Portable Stimulus in Verification Horizons
Welcome back from Summer! Now that we’re all re-focusing on work after vacations, I wanted to remind everyone about a couple of great Portable Test & Stimulus articles in our most-recent issue of Verification Horizons to get you back into the swing of things.
In “Smoothing the Path to Software-Driven Verification with Portable Stimulus,” our resident Portable Stimulus guru, Matthew Ballance, takes you through a step-wise approach to verifying the interactions between your embedded processor(s) and the IP blocks in the rest of your design. Specifying a declarative model of the interactions using Portable Stimulus lets you generate a robust set of regressions from a single source. The abstraction built into Portable Stimulus lets a tool like Questa inFact create both UVM and C-based implementations of the same tests as your verification environment moves from the block to the system level.

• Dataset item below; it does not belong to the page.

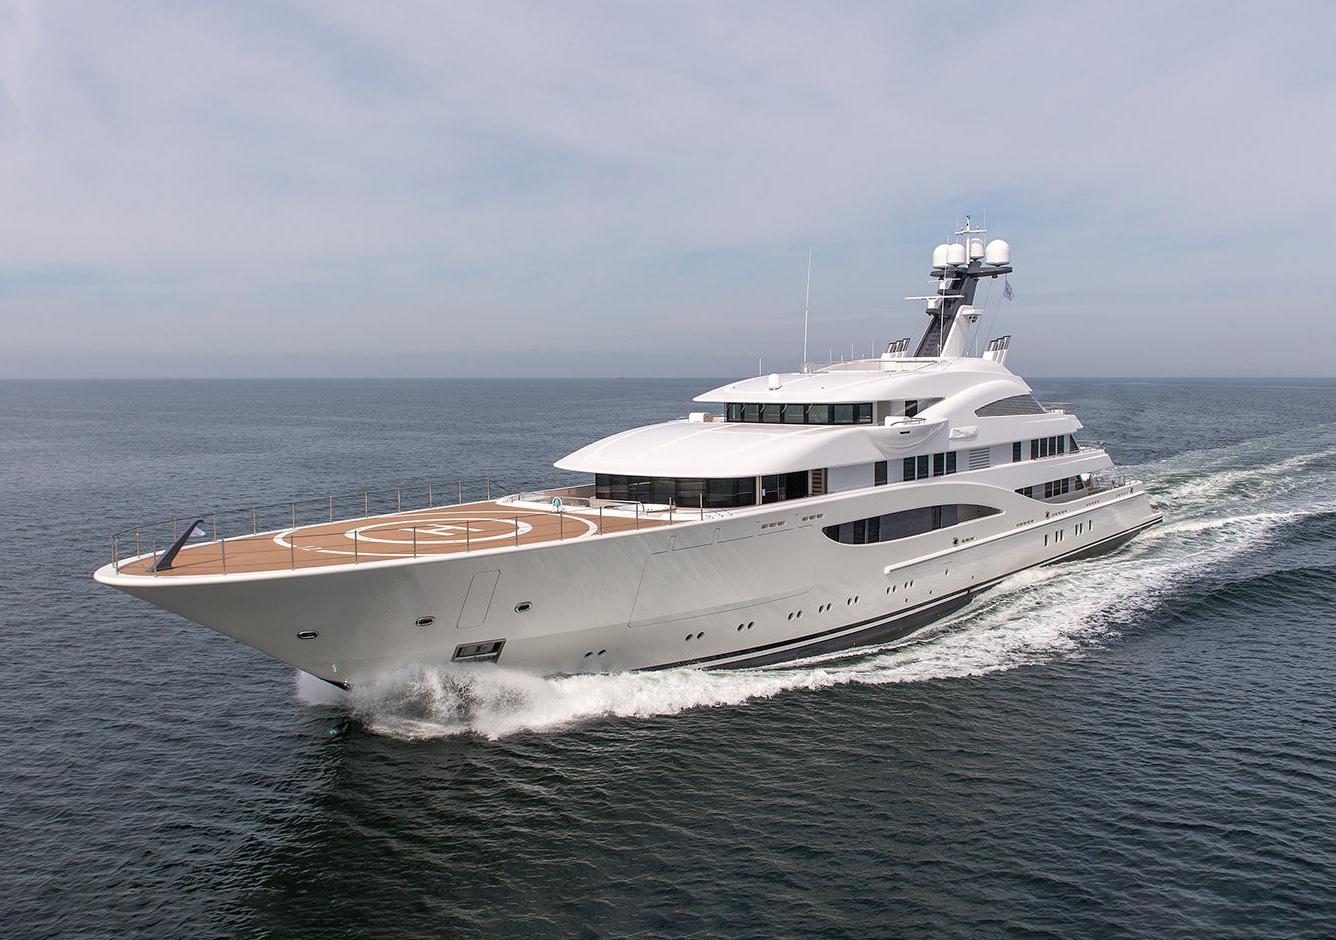 Ohdi5aQNmp1qT7JxNnkw_lurssen-superyacht-areti-running-shot-bow-credit-klaus-jordan-1920x1080.jpg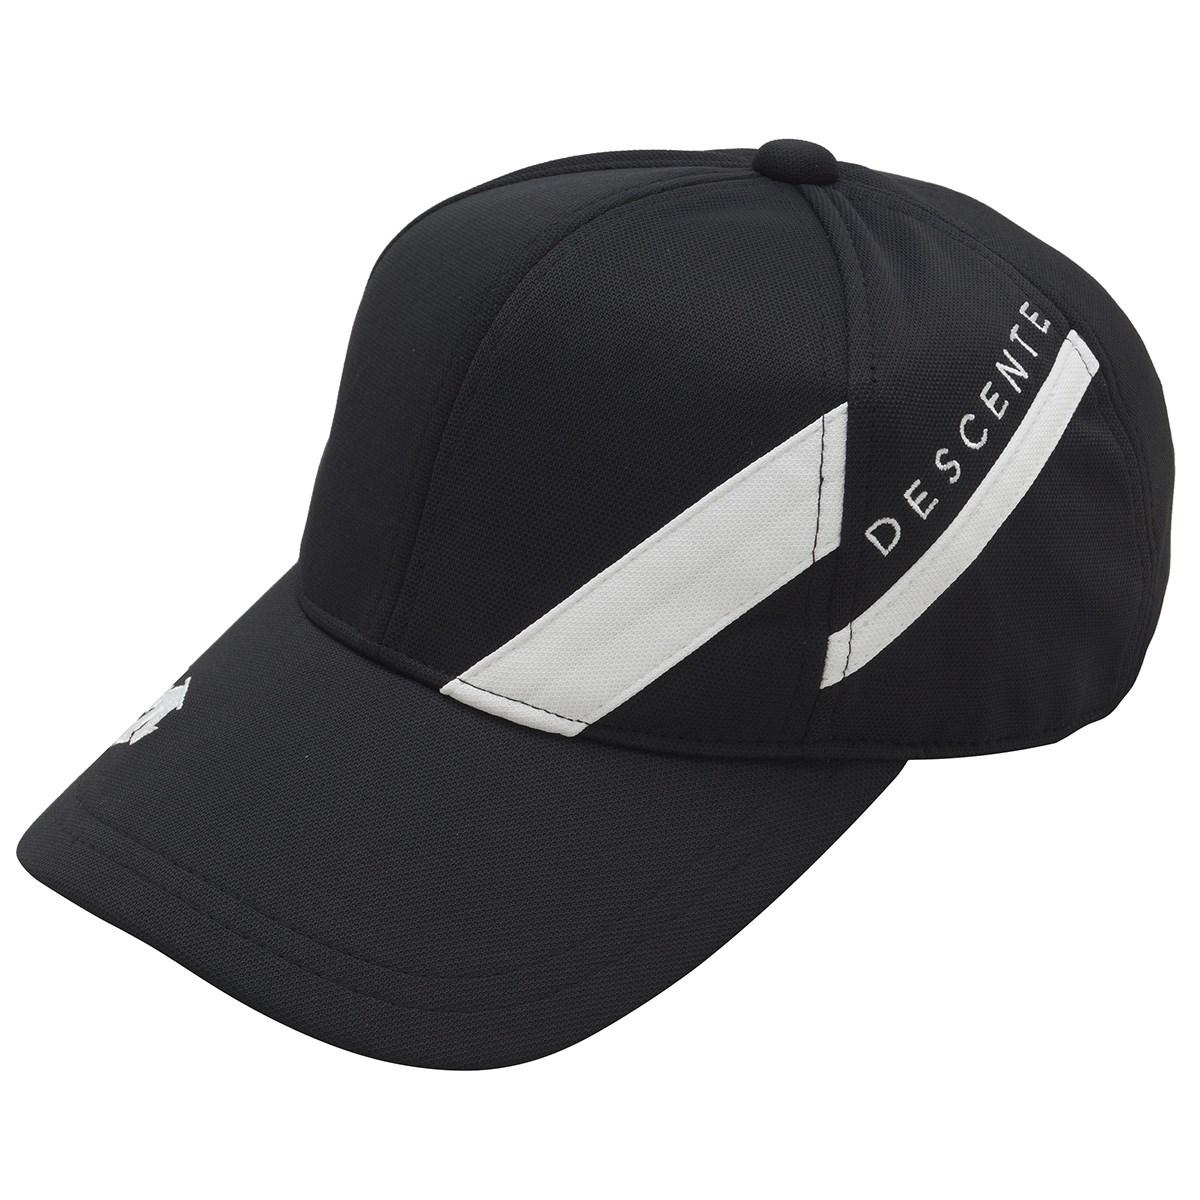 デサントゴルフ DESCENTE GOLF キャップ フリー ブラック 00

Then, in “Portable Stimulus Modeling in a High-Level Synthesis User’s Verification Flow,” two key members of our High-Level Synthesis team show you how this “one-model-to-multiple-implementations” idea of Portable Stimulus can be extended to create constrained-random, coverage-driven tests for your high-level SystemC/C++ model earlier in the process. Not only does this make your initial high-level tests more exhaustive and productive, it also lets you reuse these tests as you refine your design to RTL and then through the rest of your verification flow.
There are, of course, several more great articles in this issue, so I encourage you to look at those, too. But I especially wanted to call your attention to these two articles since they do such a good job of explaining the breadth and context of the applications of Portable Test & Stimulus throughout the verification flow. Enjoy!